BEGIN EXTRACTED ENTRIES

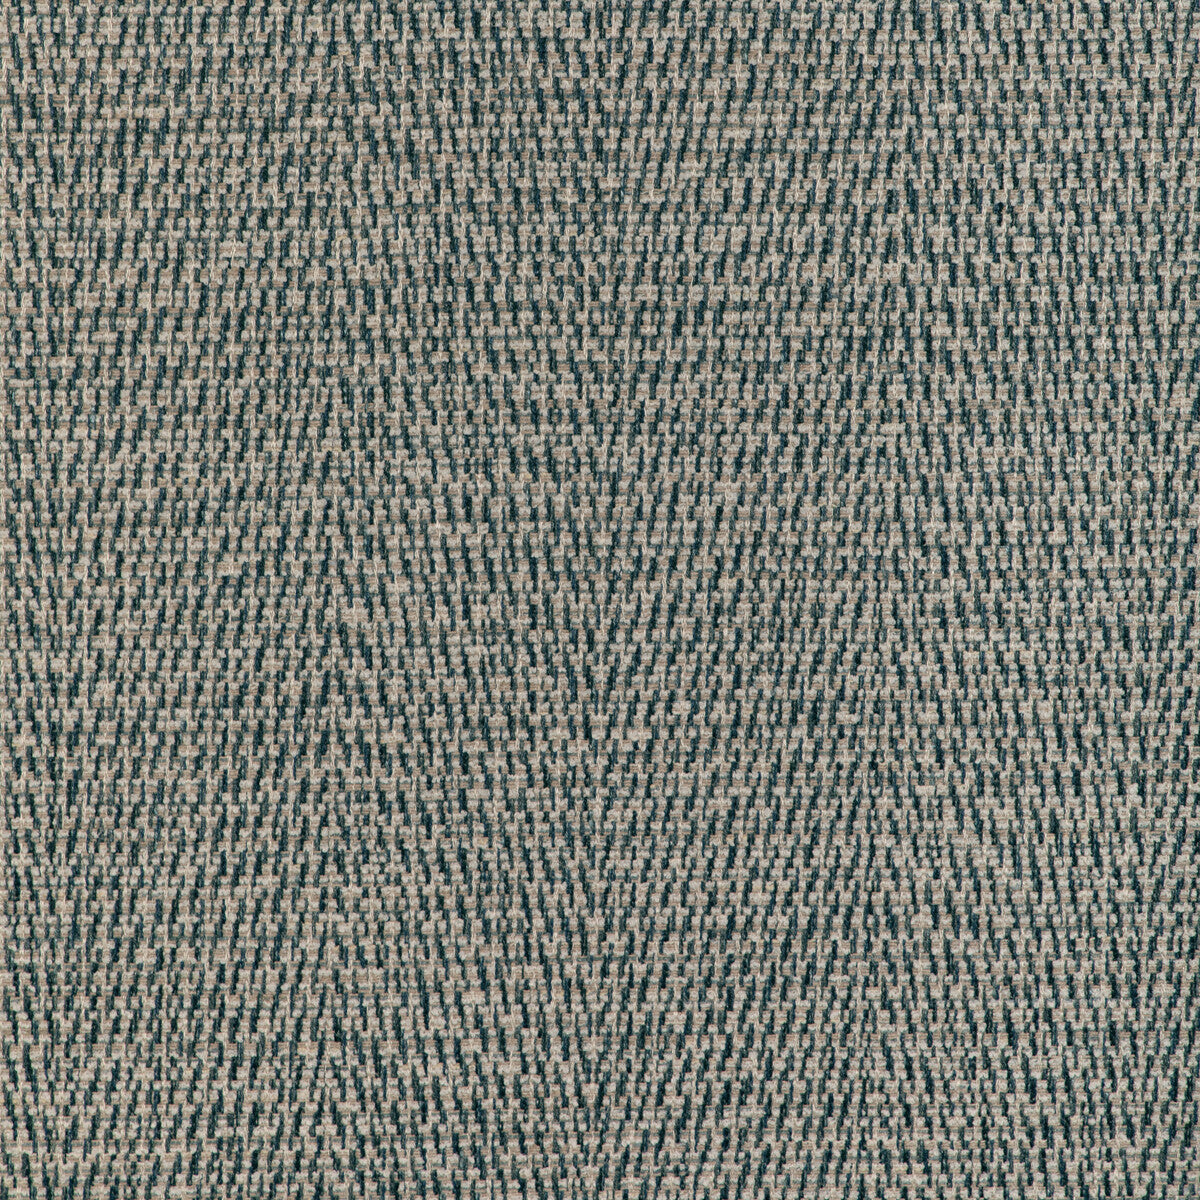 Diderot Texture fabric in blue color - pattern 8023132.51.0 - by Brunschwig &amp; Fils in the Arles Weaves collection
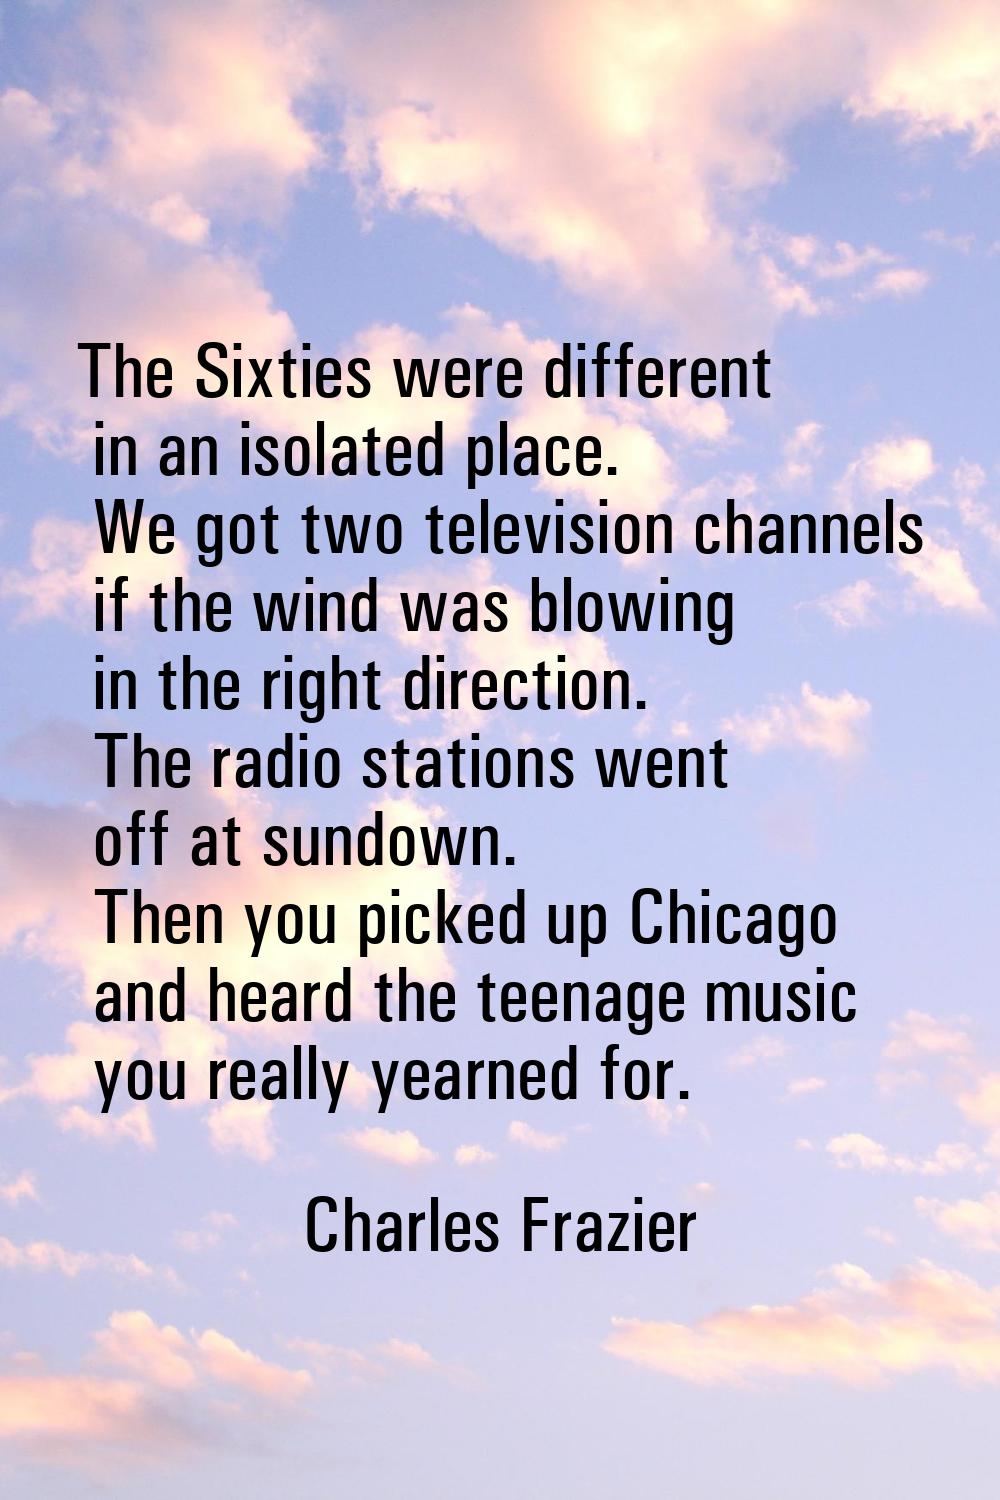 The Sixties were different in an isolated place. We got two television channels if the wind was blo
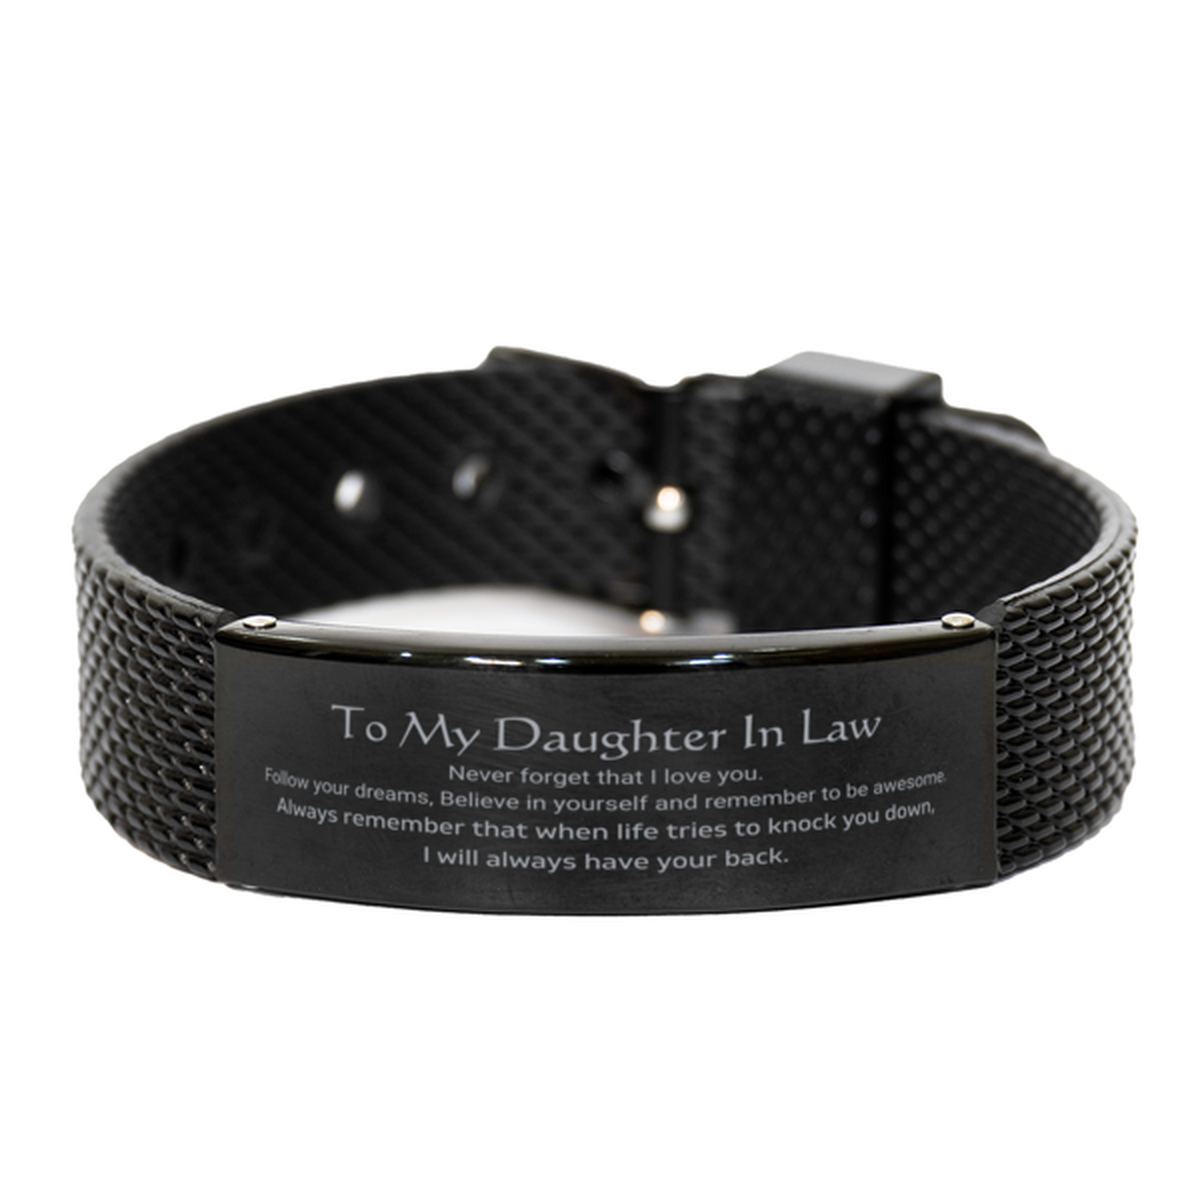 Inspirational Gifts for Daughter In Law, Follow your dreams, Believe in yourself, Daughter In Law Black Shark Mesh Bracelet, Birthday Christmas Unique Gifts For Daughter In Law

END EXTRACTED ENTRIES
BEGIN EXTRACTED ENTRIES

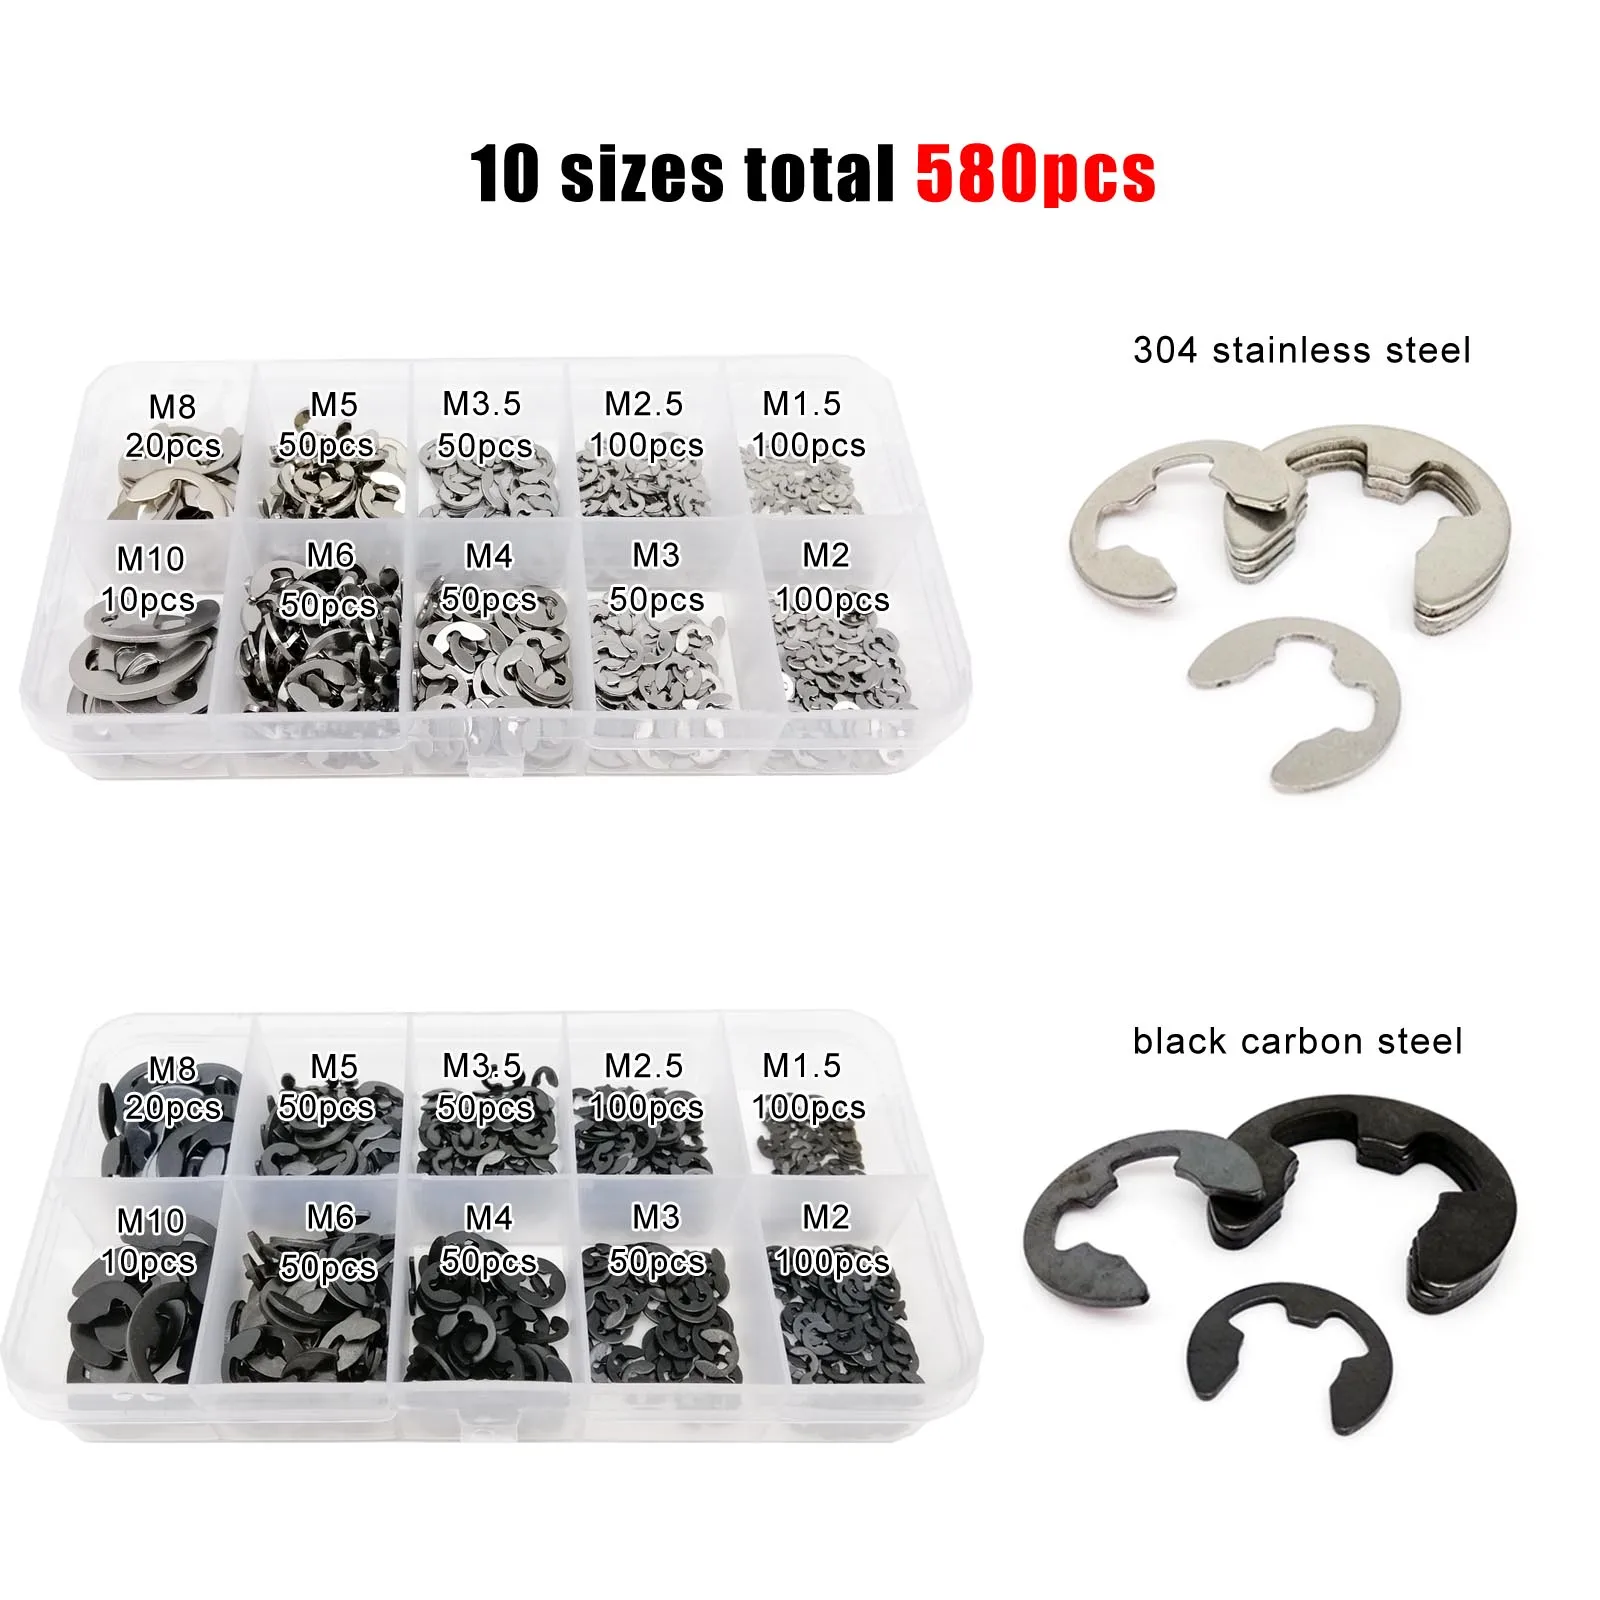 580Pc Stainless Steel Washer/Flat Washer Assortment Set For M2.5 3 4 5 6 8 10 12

END EXTRACTED ENTRIES
BEGIN EXTRACTED ENTRIES

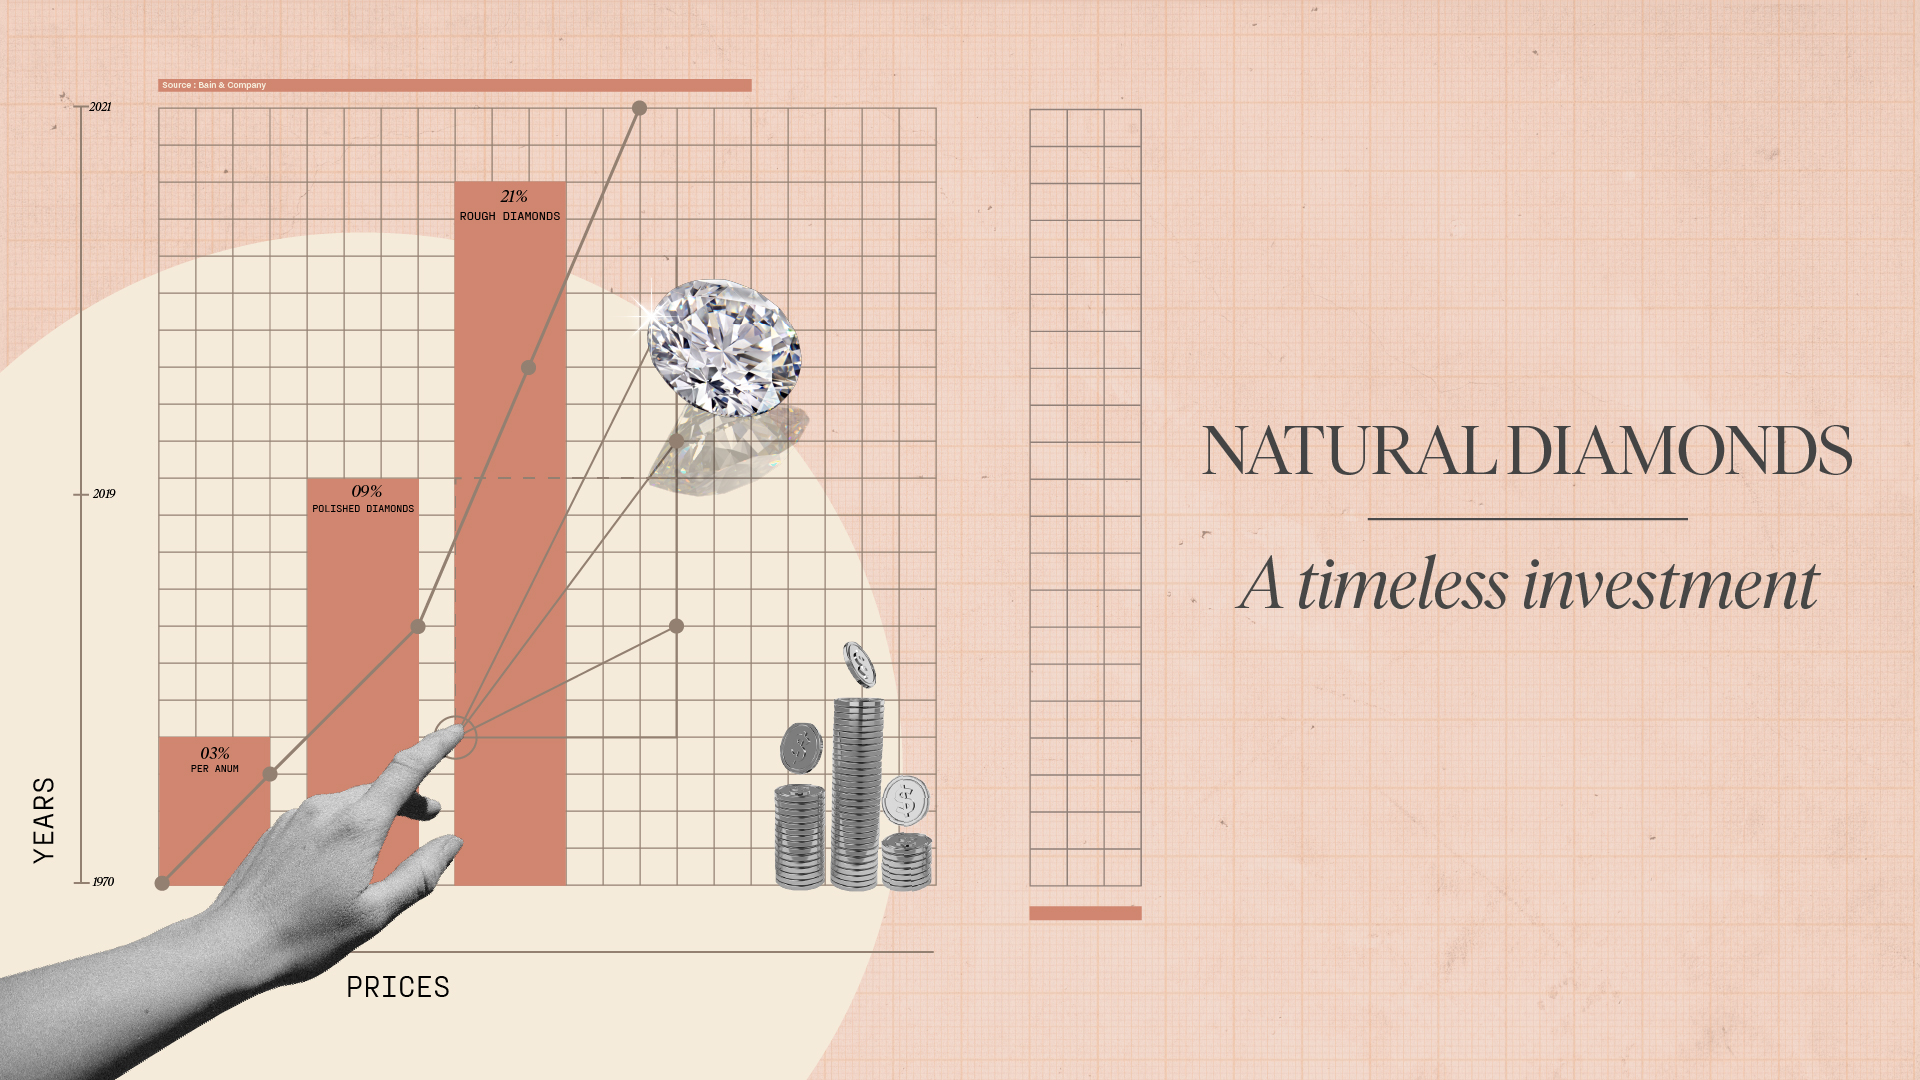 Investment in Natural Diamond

END EXTRACTED ENTRIES

| ASSIGNED TASK |
Copy exactly, without pictures, the lines above from the one with "Diderot Texture fabric" down to the one with "Inspirational Gifts for", inclusive.

| RESPONSE TO THIS TASK |
 Diderot Texture fabric in blue color - pattern 8023132.51.0 - by Brunschwig &amp; Fils in the Arles Weaves collection
 The Sixties were different in an isolated place. We got two television channels if the wind was blo
 Inspirational Gifts for Daughter In Law, Follow your dreams, Believe in yourself, Daughter In Law Black Shark Mesh Bracelet, Birthday Christmas Unique Gifts For Daughter In Law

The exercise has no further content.